Give back exactly the lines that start at the one containing "Man Made - City" and run to the end of the material, leaving out the pictures.
##### Provided material #####
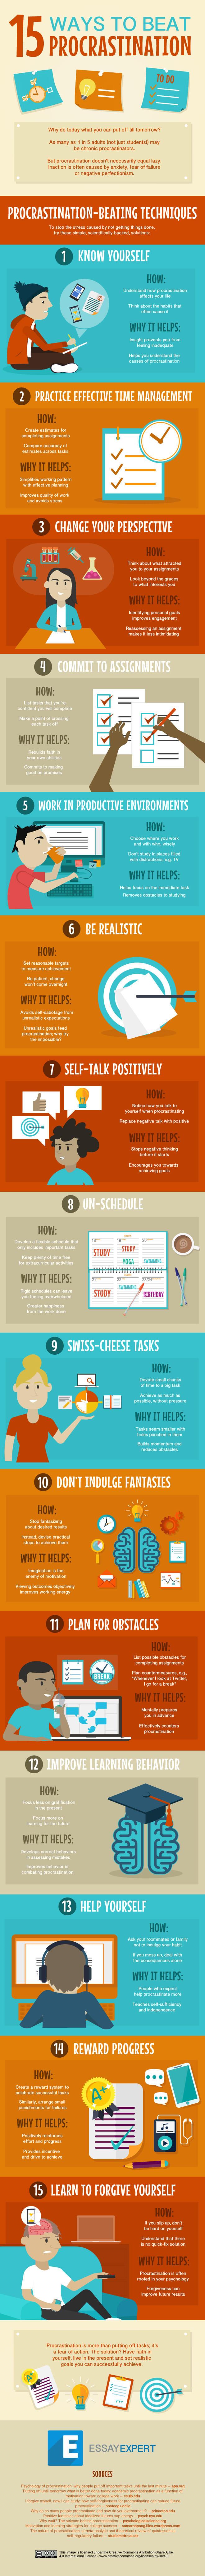 Infographic: 15 ways to beat procrastination
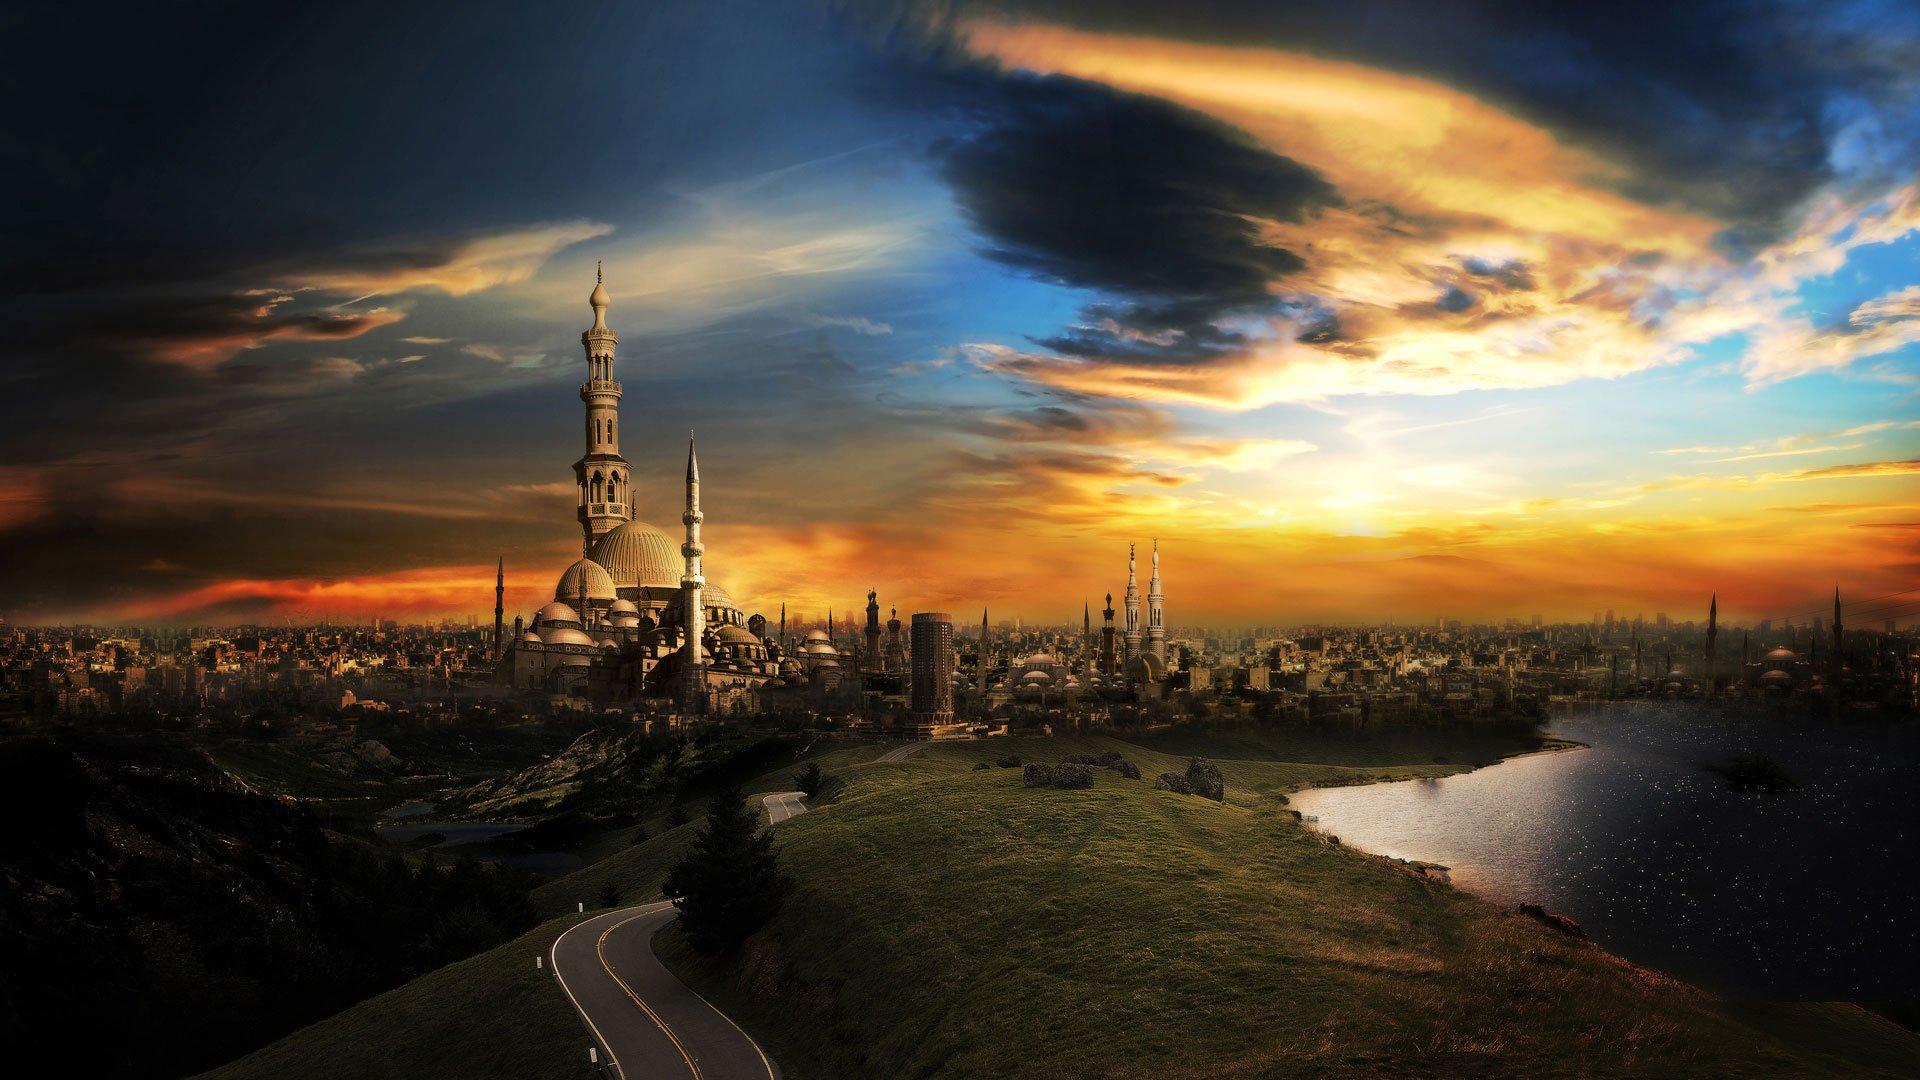 Man Made - City  CGI Landscape Cloud Sky Sunset Lake Road Islam Wallpaper
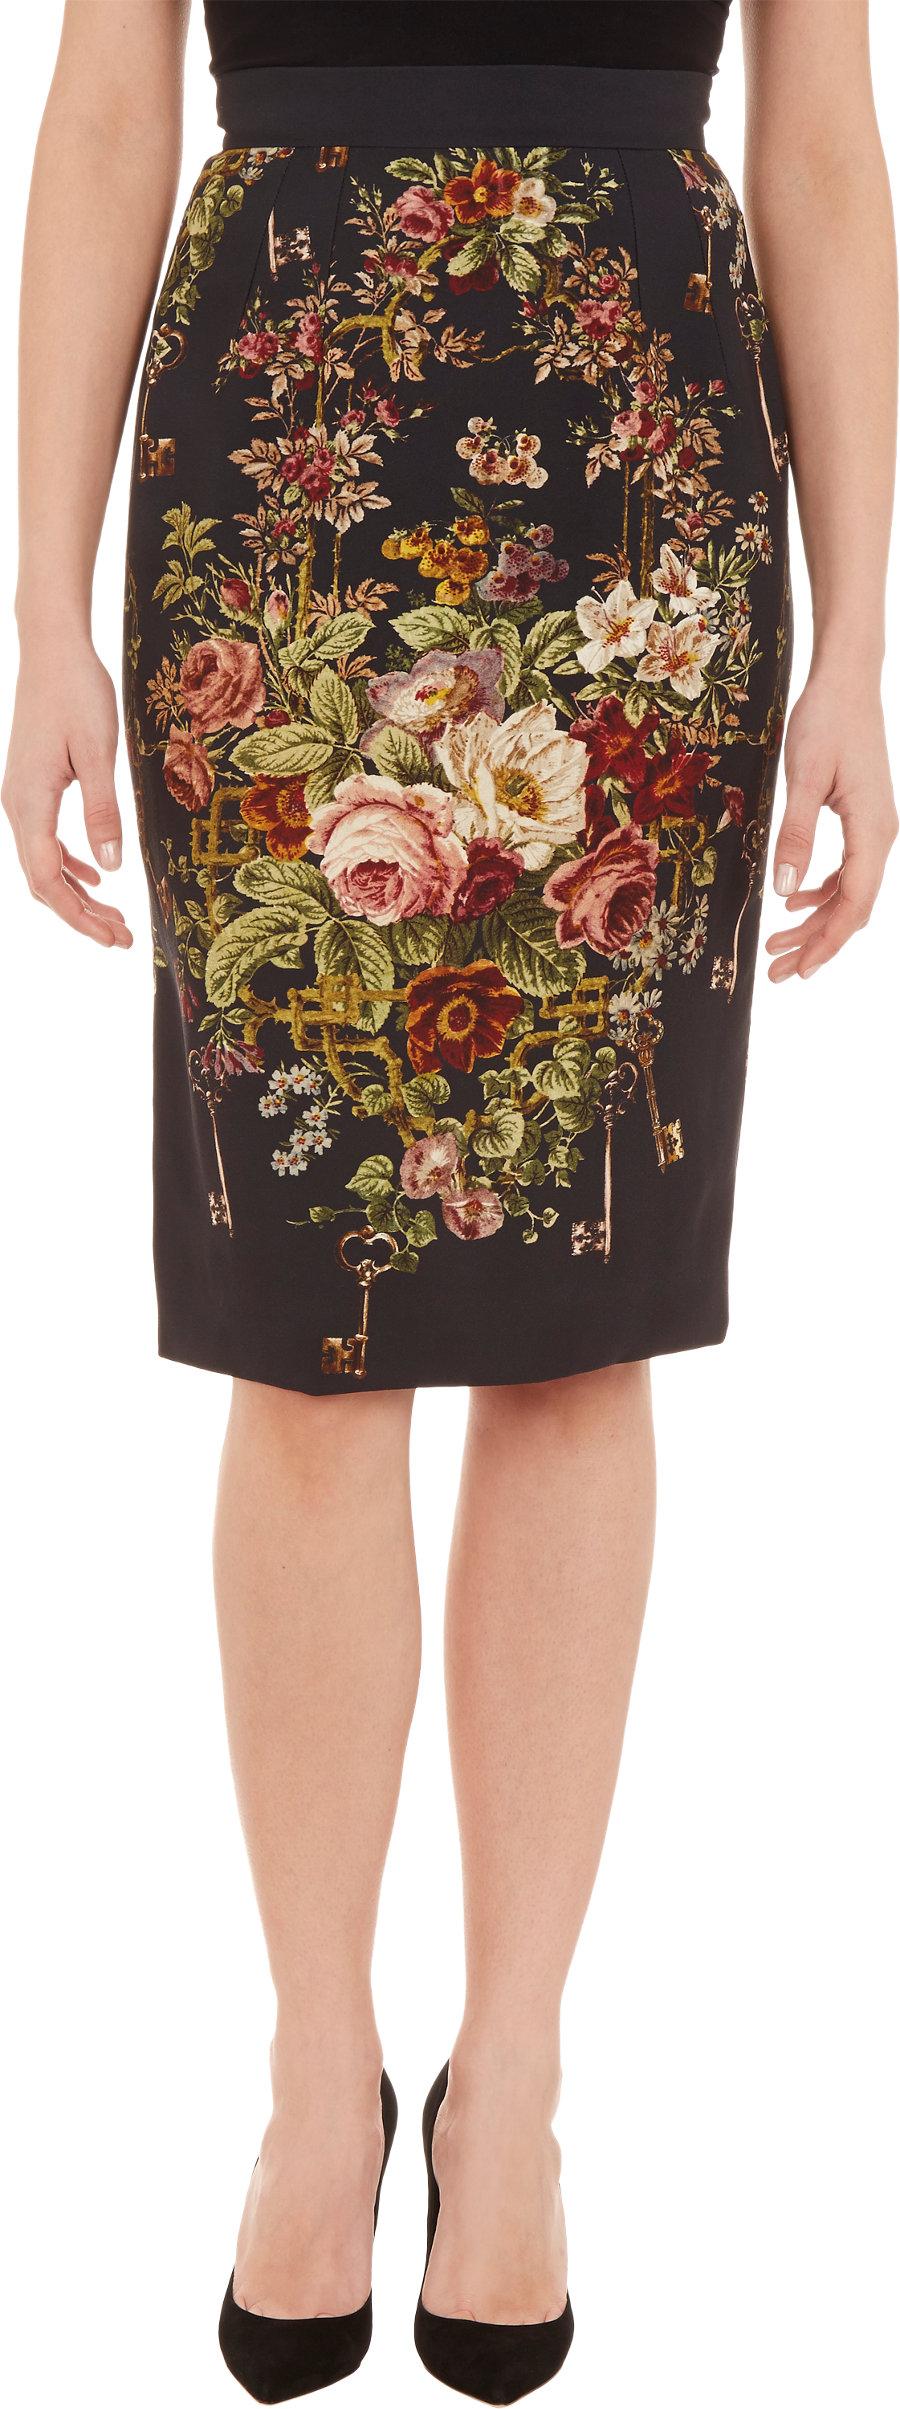 floral pencil skirt - photo #35
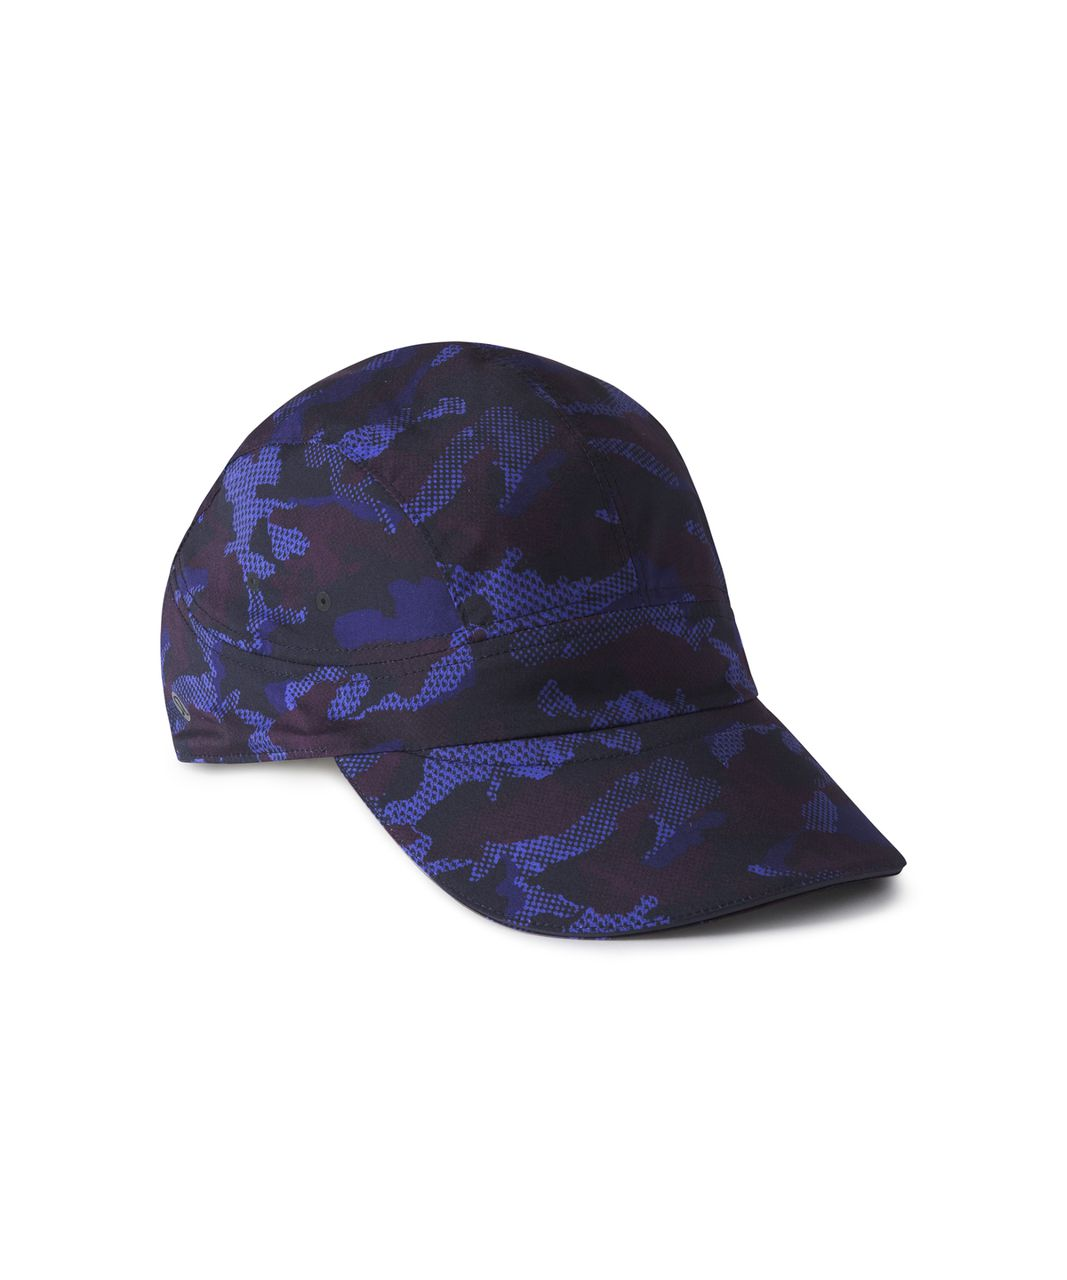 Lululemon Race To Place Run Hat 2.0 - Hounds Camo Emperor Blue Black
#####
Written solution:
 Man Made - City  CGI Landscape Cloud Sky Sunset Lake Road Islam Wallpaper
 floral pencil skirt - photo #35
 Lululemon Race To Place Run Hat 2.0 - Hounds Camo Emperor Blue Black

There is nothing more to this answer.